By the time of its November 11 announcement, the government was facing a triple whammy:
- The commodity price of electricity had already trended over 20% higher than expected from the date of the market opening. Scarcity of supply in the absence of lessening demand was possible with a likely result of further escalating prices. Generation competition was not on the immediate horizon. The further devolution of OPG assets might merely create more market dominant players rather than more competition. Electricity is not a commodity that can be stored, so all suppliers in a scarcity market are, potentially, high price-setters.
- Higher electricity bills with new itemized charges were enraging consumers. Provincial government MPPs were, in turn, incensed that the blame for increases in the municipal distribution charge was falling on them.

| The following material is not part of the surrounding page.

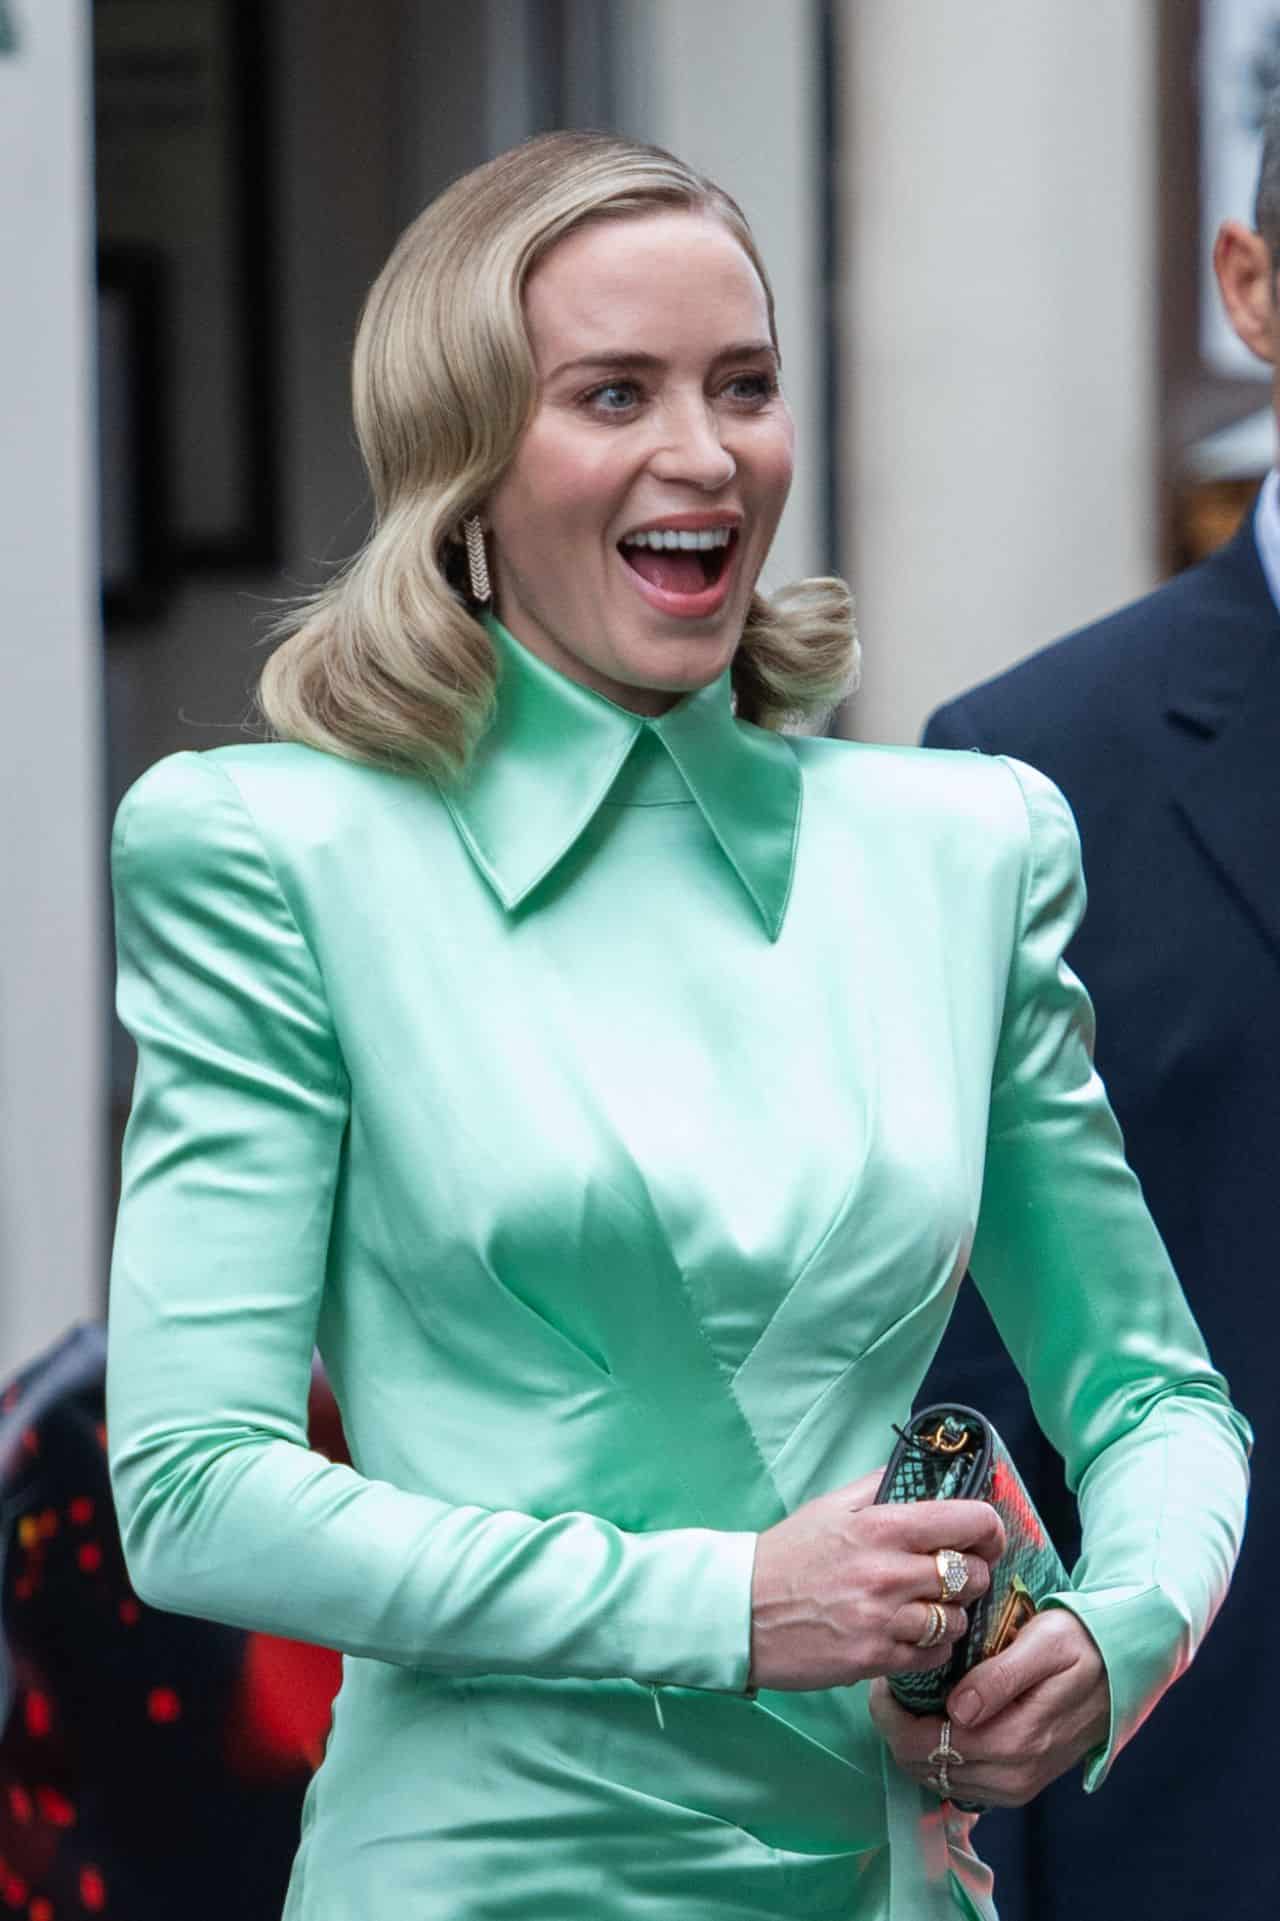 Emily Blunt Wears Green Satin Dress at the "Oppenheimer" Premiere in Paris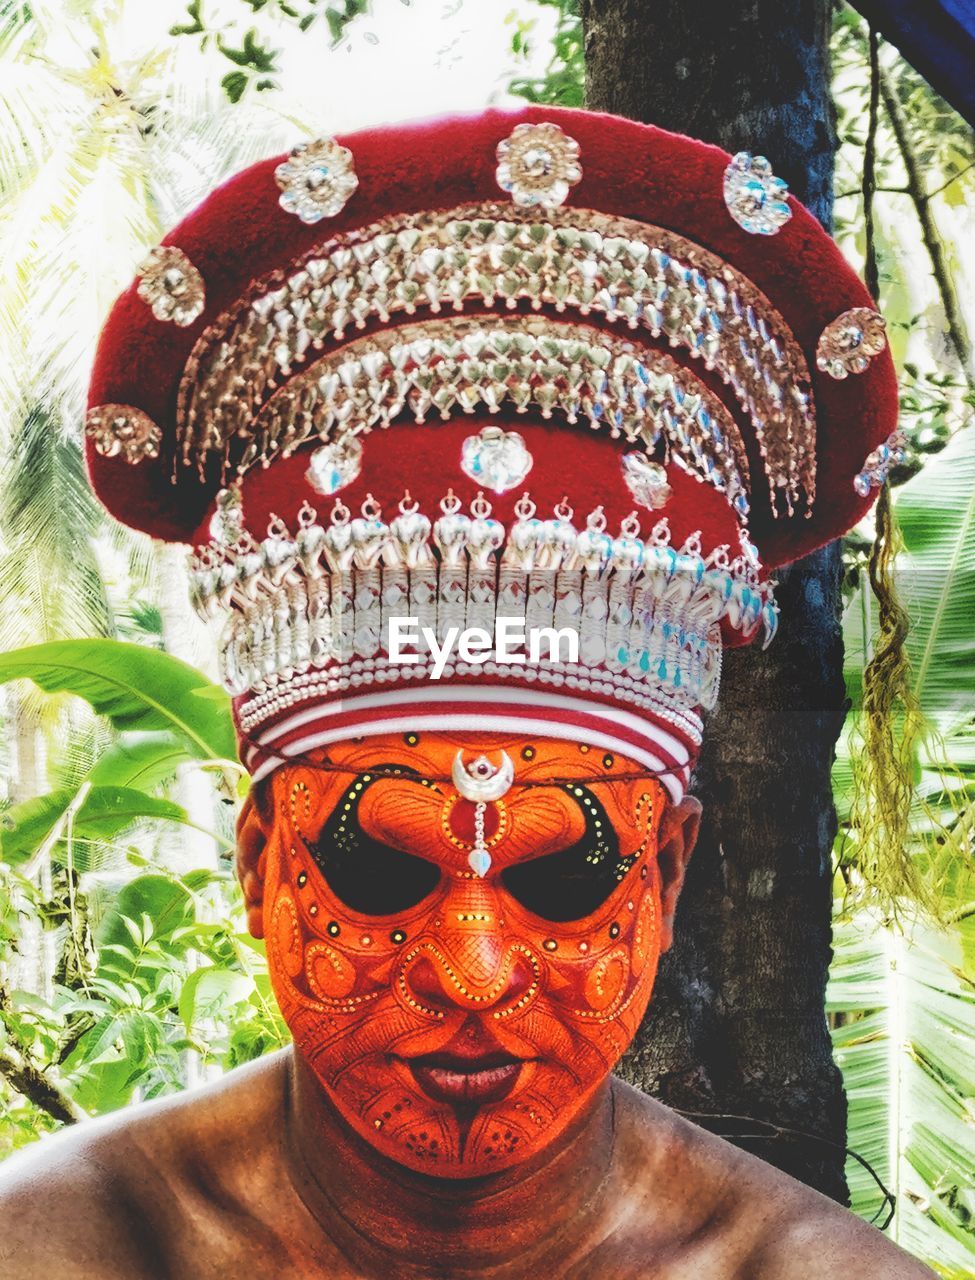 CLOSE-UP OF HUMAN MASK IN TRADITIONAL TEMPLE

- Ten years of rate freezes with no new generation being developed was coming home to roost. OPG’s bedraggled nuclear program could not bring refurbished generation on line in accordance with its previous projections, creating the likelihood of the “perfect storm” for government political fortunes.
The public reaction to these events was, in no small measure, ignited by the government’s own overly-rosy predictions of the benefits of competition, which were likely due in part to the government’s reliance on the views of private industry proponents who had something to gain from restructuring. As well, there seemed to be a built-in mindset that somehow the infusion of entrepreneurial ambition into the operation of the electricity system would bring certain benefits for everyone. The sad sack nuclear program of Ontario Hydro certainly gave credence to the view that a dramatic change was needed. The fact that the price of electricity was almost 40% higher in the states that border on Ontario was no check on the dreams of competition theorists and would-be utility saviours.
The current government’s solution is a little like putting a finger in a hole in the dike. Obviously, if demand does not abate and/or new supply is not developed, the taxpayer is going to be heavily subsidizing electricity ratepayers. The government must act swiftly to develop new supply and to closely monitor the electricity spot market to prevent California-style generator profiteering, now that there is a disconnect between supply and demand. Long-overdue requirements for a certain percentage of renewable energy in any distribution customer’s package would greatly assist alternative energy producers. Cost- effective savings mechanisms for consumers are needed. These include the wider application of interval meters to reward customers for adjusting their electricity use so as to reduce peak demand. While it is remarkable that the elaborate electricity restructuring plan should be jettisoned so quickly, it is not the time to re-fight old battles. Ontario’s electricity customers want understandable measures and results, however they are to be delivered.